The project that created the Research, Innovation and Dissemination Center for Neuromathematics (RIDC NeuroMat) in 2013 has been renewed by the São Paulo Research Foundation for a six-year term, and in this context we launch a series to connect our past and current trajectory. This series has been called "First 5, Next 6", a direct reference to content produced by our team within the center renewal process, especially a presentation to FAPESP's International Assessment Committee in 2017. The first part of this text is informed by NeuroMat's Statement of Impact, again a document prepared in the renewal process.
A main scientific achievement was the introduction by the NeuroMat team of a new class of stochastic processes aimed at a realistic description of nets of spiking neurons. These processes are systems with infinitely many interacting chains with memory of variable length. Since their introduction, these stochastic processes have become part of the research agenda of several centers in the world.

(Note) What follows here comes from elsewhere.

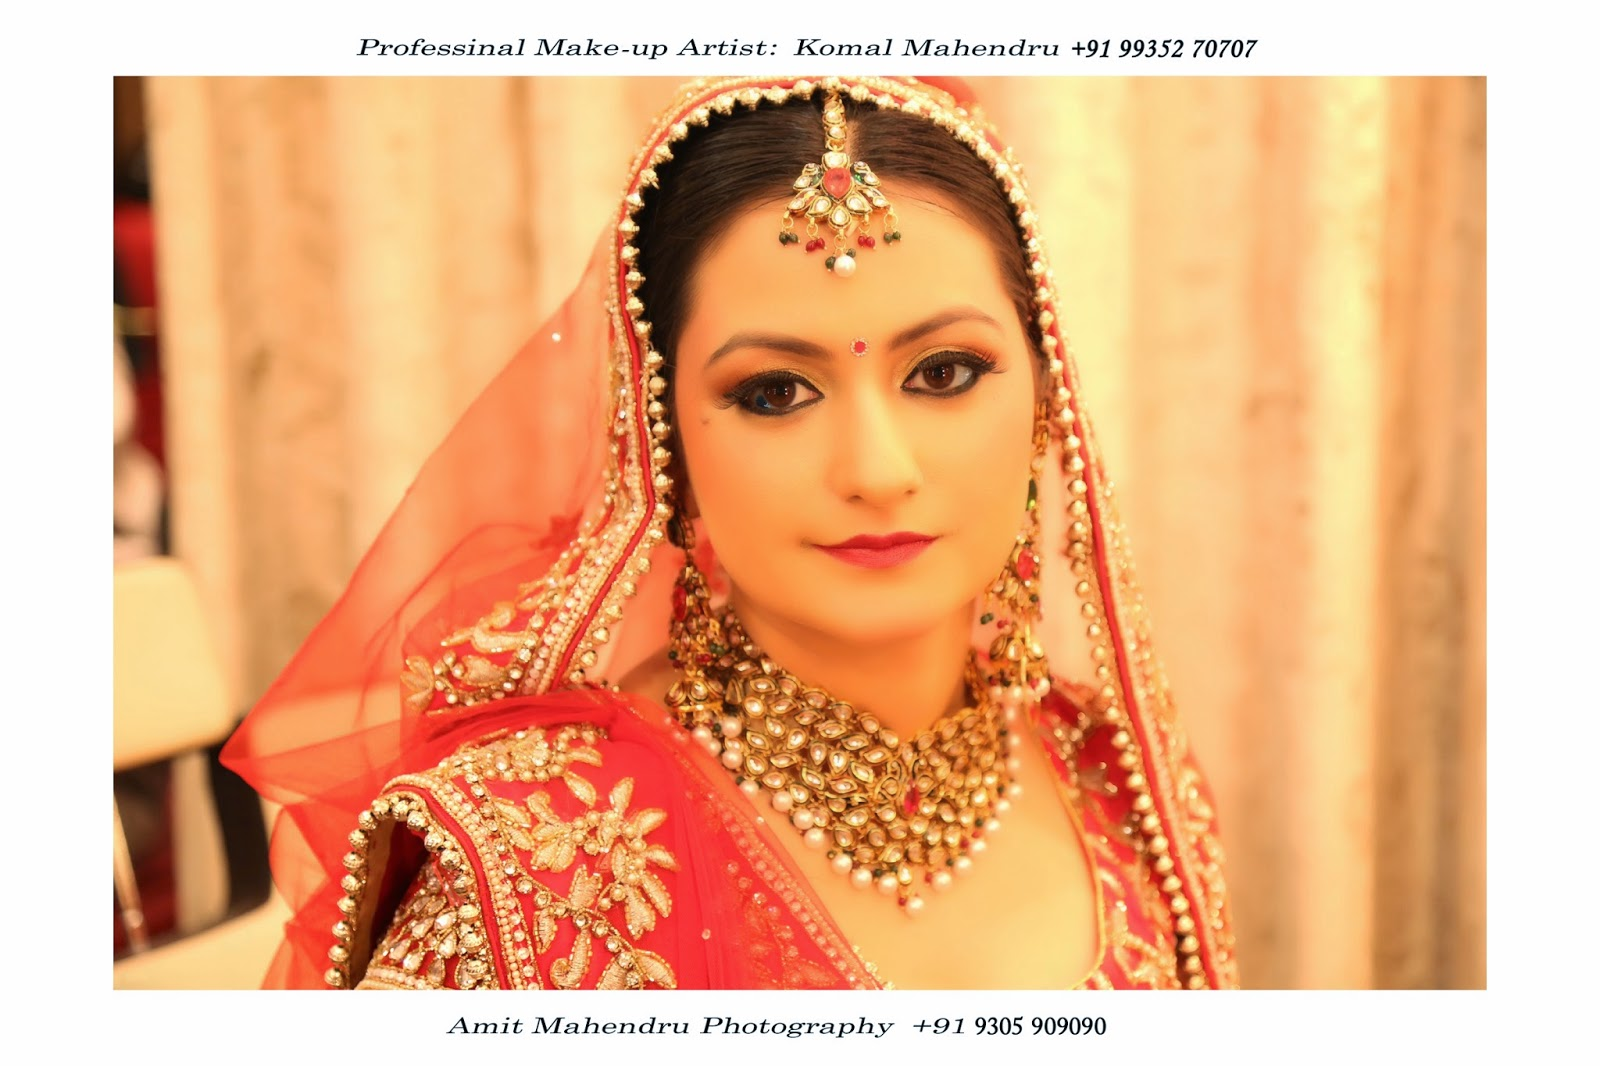 komal mahendru's professional makeup - lucknow, india

Our contributions to the investigation of this new class of stochastic processes include:
the identification of mathematical conditions assuring the existence of the processes together with the design of a perfect simulation algorithm for their numerical implementation;
results on the hydrodynamical limit of processes belonging to the class. This is an important step to relate different scales of description of the system, from the microscopic level, modelling systems of spiking neurons, to the mesoscopic and macroscopic levels, describing EEG and fMRI data;
existence of phase transition for a specific instantiation of these models with leakage, setting a new framework for the rigorous investigation of spontaneous transitions of brain activity states, e.g. healthy to seizure-like activity. This is the first phase transition result rigorously proved for a mathematical model describing a system of interacting spiking neurons;
introduction of a novel estimator of the interaction graph for models in this class and the proof of its strong consistency, not requiring the usual assumptions of stationarity and uniqueness of the invariant measure. This contribution addresses an important issue in contemporary neurobiology, namely the question of how to infer neural interactions from the activity of an ensemble of neurons.
A second major achievement is the introduction of a new mathematical approach to address the classical conjecture that the brain retrieves statistical regularities from sequences of stimuli. This approach is based on a new class of stochastic processes, namely sequences of random objects driven by chains with memory of variable length. These processes appear as good candidates to model the relationship between sequences of stimuli and sequences of suitably parsed brain signals and behavioral states registered while exposed to stimuli.
The direction of NeuroMat’s ongoing research is to model brain plasticity, structural learning and memory constitution in the brain, including the following promising lines of research:
Modeling plasticity in the framework of the new class of models describing systems of spiking neurons introduced in Galves & Loecherbach 2013. A first step is a paper by Galves, Loecherbach, Pouzat & Presutti to be submitted on short-term plasticity. This model generalizes the 2013 model by allowing the synaptic weights to evolve in time as a function of the spiking activity of each neuron. In this framework, it is possible to study rigorously transient behaviors which are reminiscent of short-term memory.
This work on plasticity is part of a broader effort to study phase transition, metastability and criticality in stochastic neural networks.
Introducing of a entire new class of experimental protocols in which physiological or behavioral data are recorded while a volunteer is exposed to structured sequences of stimuli. This is done by identifying different signatures in response to structured sequences of stimuli in healthy subjects and in patients with neurological disorders. A paper by Duarte et al. presenting the mathematical framework underlying this proposal will be submitted soon.